To perform an adjusted mediation analysis allowing for exposure-mediator interaction, using bootstrap based on $100$ resamples with initial random seed $= 1885$ to construct $95\%$ confidence intervals and computing the controlled direct effect when the mediator is set at the value $2$, one should call `exactmed_c()` as follows:

 
```{r, results='hide'}

results14 <- exactmed_c(
  data = datamed_c, a = 'X', m = 'M', y = 'Y', a1 = 1, a0 = 0, 
  m_cov = c('C1', 'C2'), y_cov = c('C1', 'C2'), 
  boot = TRUE, nboot = 100, bootseed = 1885, confcoef = 0.95,
  mf = 2
  )

```
 
 
```{r}

results14

```

 
##  Mediation analysis with a categorical mediator
 
 As mentioned in the introduction, in the case of a categorical mediator (coded as factor), the **ExactMed** package allows the user to obtain estimates of mediation effects through the `exactmed_cat()` function, which basically offers the same options as `exactmed()`. The only difference is the absence of the `hvalue_m` parameter and the addition of two extra parameters: `blevel_m` and `mf`. The first one allows to set the reference level of the mediator, which by default  corresponds to the first level of the corresponding factor variable. The second parameter allows to specify the level of the mediator in the calculation of the controlled direct effect. Parameter `blevel_m` will thus impact the mediator regression model and associated output by fixing the reference level of the dependent variable. Parameter `blevel_m` will not impact the values of the natural effects and will impact the controlled direct effect only if the value of the parameter `mf` is not specified by the user. In this case, the value of the parameter `mf` will by default correspond to the value of parameter `blevel_m`. 
 
 For illustration, the package also makes available to the user the `datamed_cat` data set containing a categorical mediator variable. Some of the features of this data set can be found in its corresponding help file (`help(datamed_cat)`).
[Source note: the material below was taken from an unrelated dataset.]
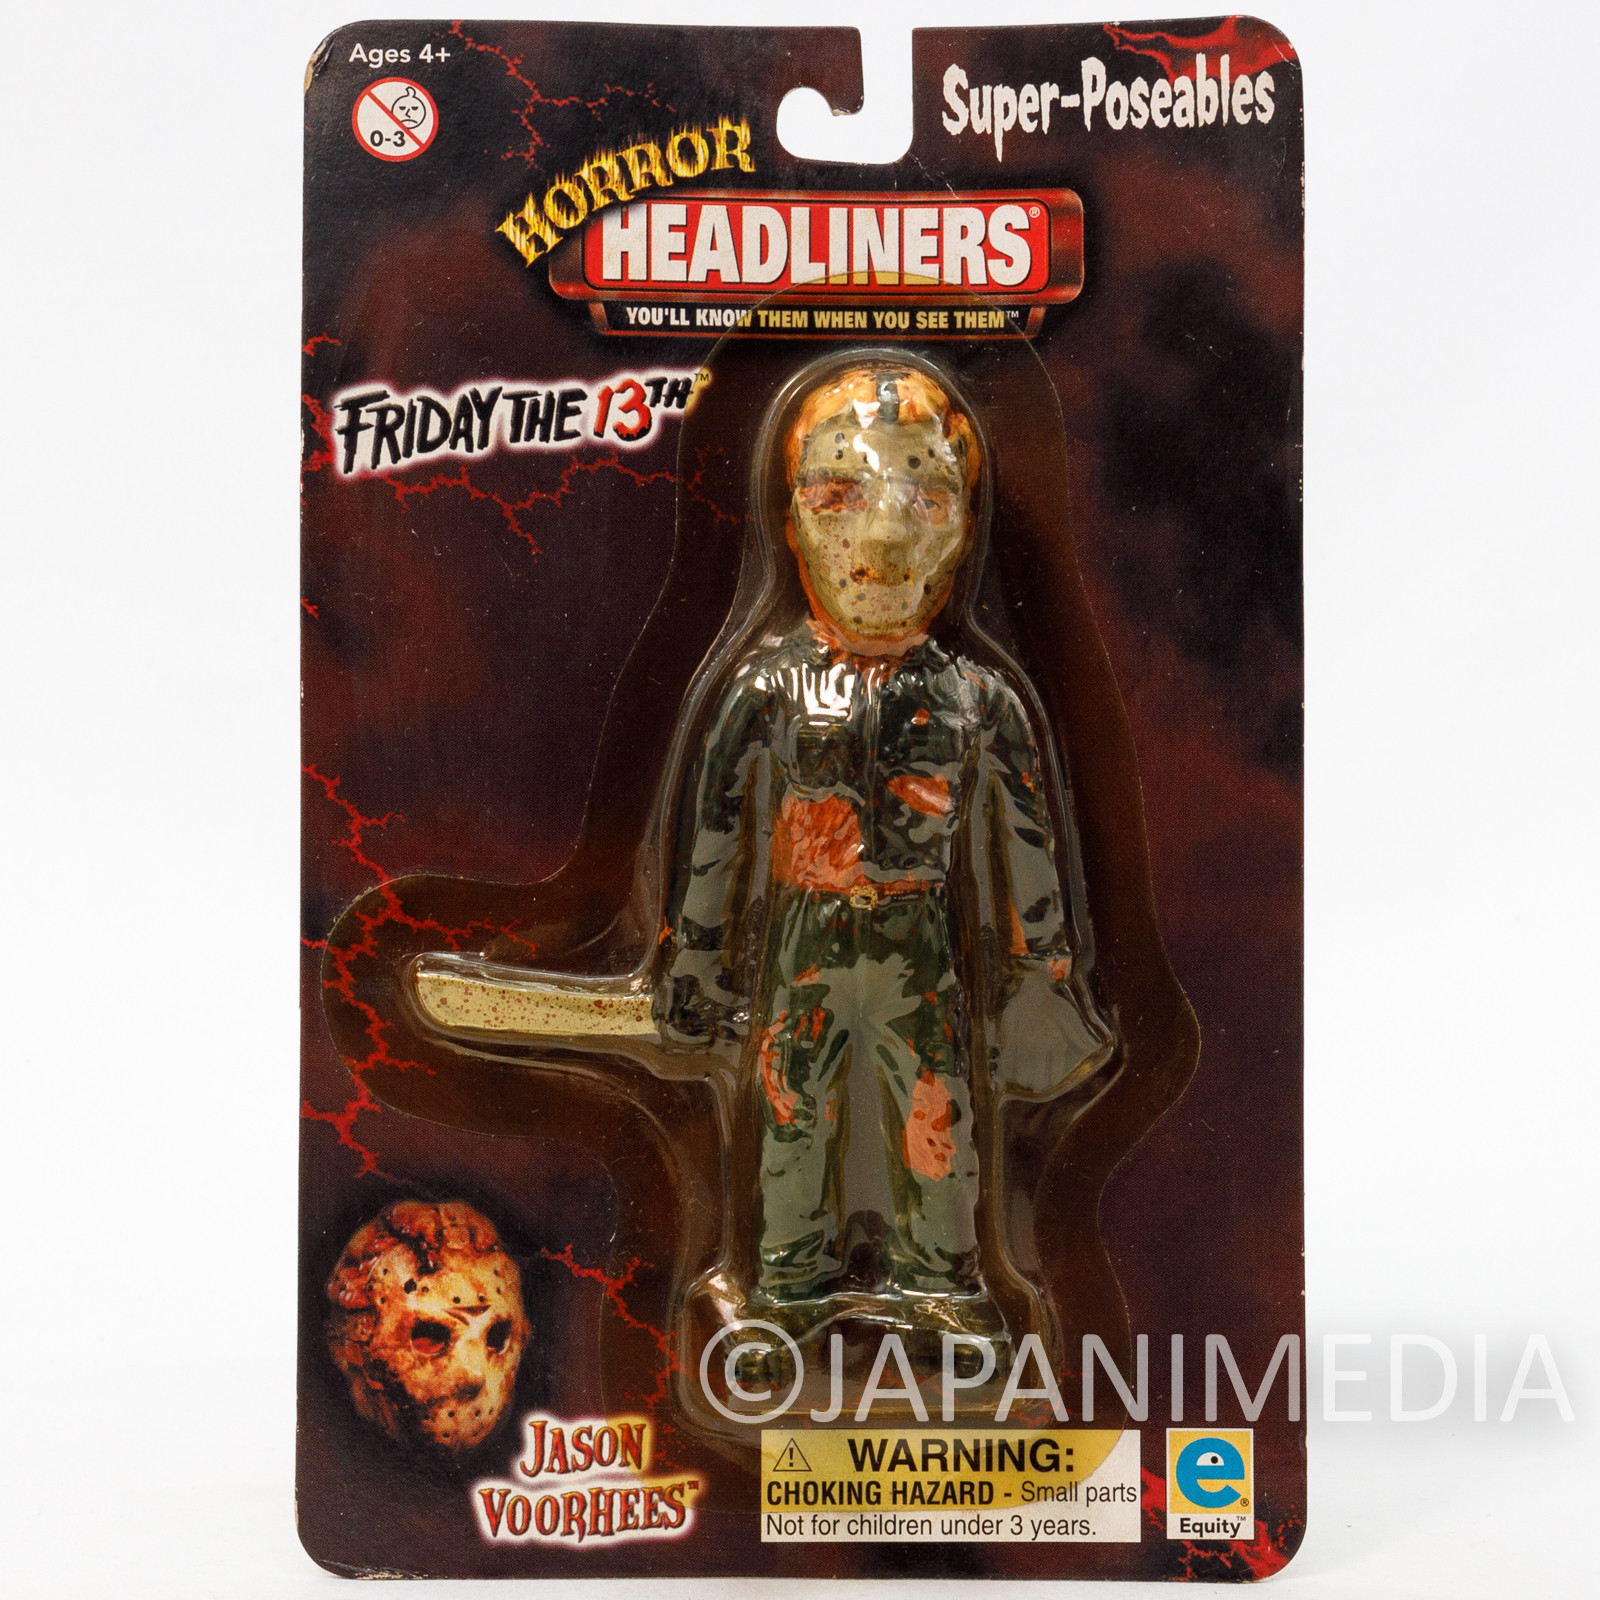 Friday The 13th JASON VOORHEES Super Poseable Figure Horror Headliners

We recall that the `exactmed_cat()` function only works on data frames with named columns and no missing values.
 
```{r}

head(datamed_cat)

```

We provide below an example of call to `exactmed_cat()` to obtain estimates of conditional mediation effects supposing no exposure-mediator interaction in the outcome regression model:

```{r}

results15 <- exactmed_cat(
  data = datamed_cat, a = 'X', m = 'M', y = 'Y', a1 = 1, a0 = 0,  
  m_cov = c('C1', 'C2'), y_cov = c('C1', 'C2'), 
  interaction = FALSE
  )

results15

```

To perform an adjusted mediation analysis allowing for exposure-mediator interaction, using bootstrap based on $100$ resamples with initial random seed $= 1875$ to construct $95\%$ confidence intervals and computing the controlled direct effect at the level 'c' of the mediator, one should call `exactmed_cat()` as follows:

 
```{r, results='hide'}

results16 <- exactmed_cat(
  data = datamed_cat, a = 'X', m = 'M', y = 'Y', a1 = 1, a0 = 0, 
  m_cov = c('C1', 'C2'), y_cov = c('C1', 'C2'), 
  boot = TRUE, nboot = 100, bootseed = 1875, confcoef = 0.95,
  mf = 'c'
  )

```
 
 
```{r}

results16

```


One can note from the previous output that the reference level for the mediator model is by default the first level of the mediator factor variable (`blevel_m = 'a'`). However, the controlled direct effect is computed at the level 'c' of the categorical mediator, as requested by the parameter `mf` (that is, `mf = 'c'`).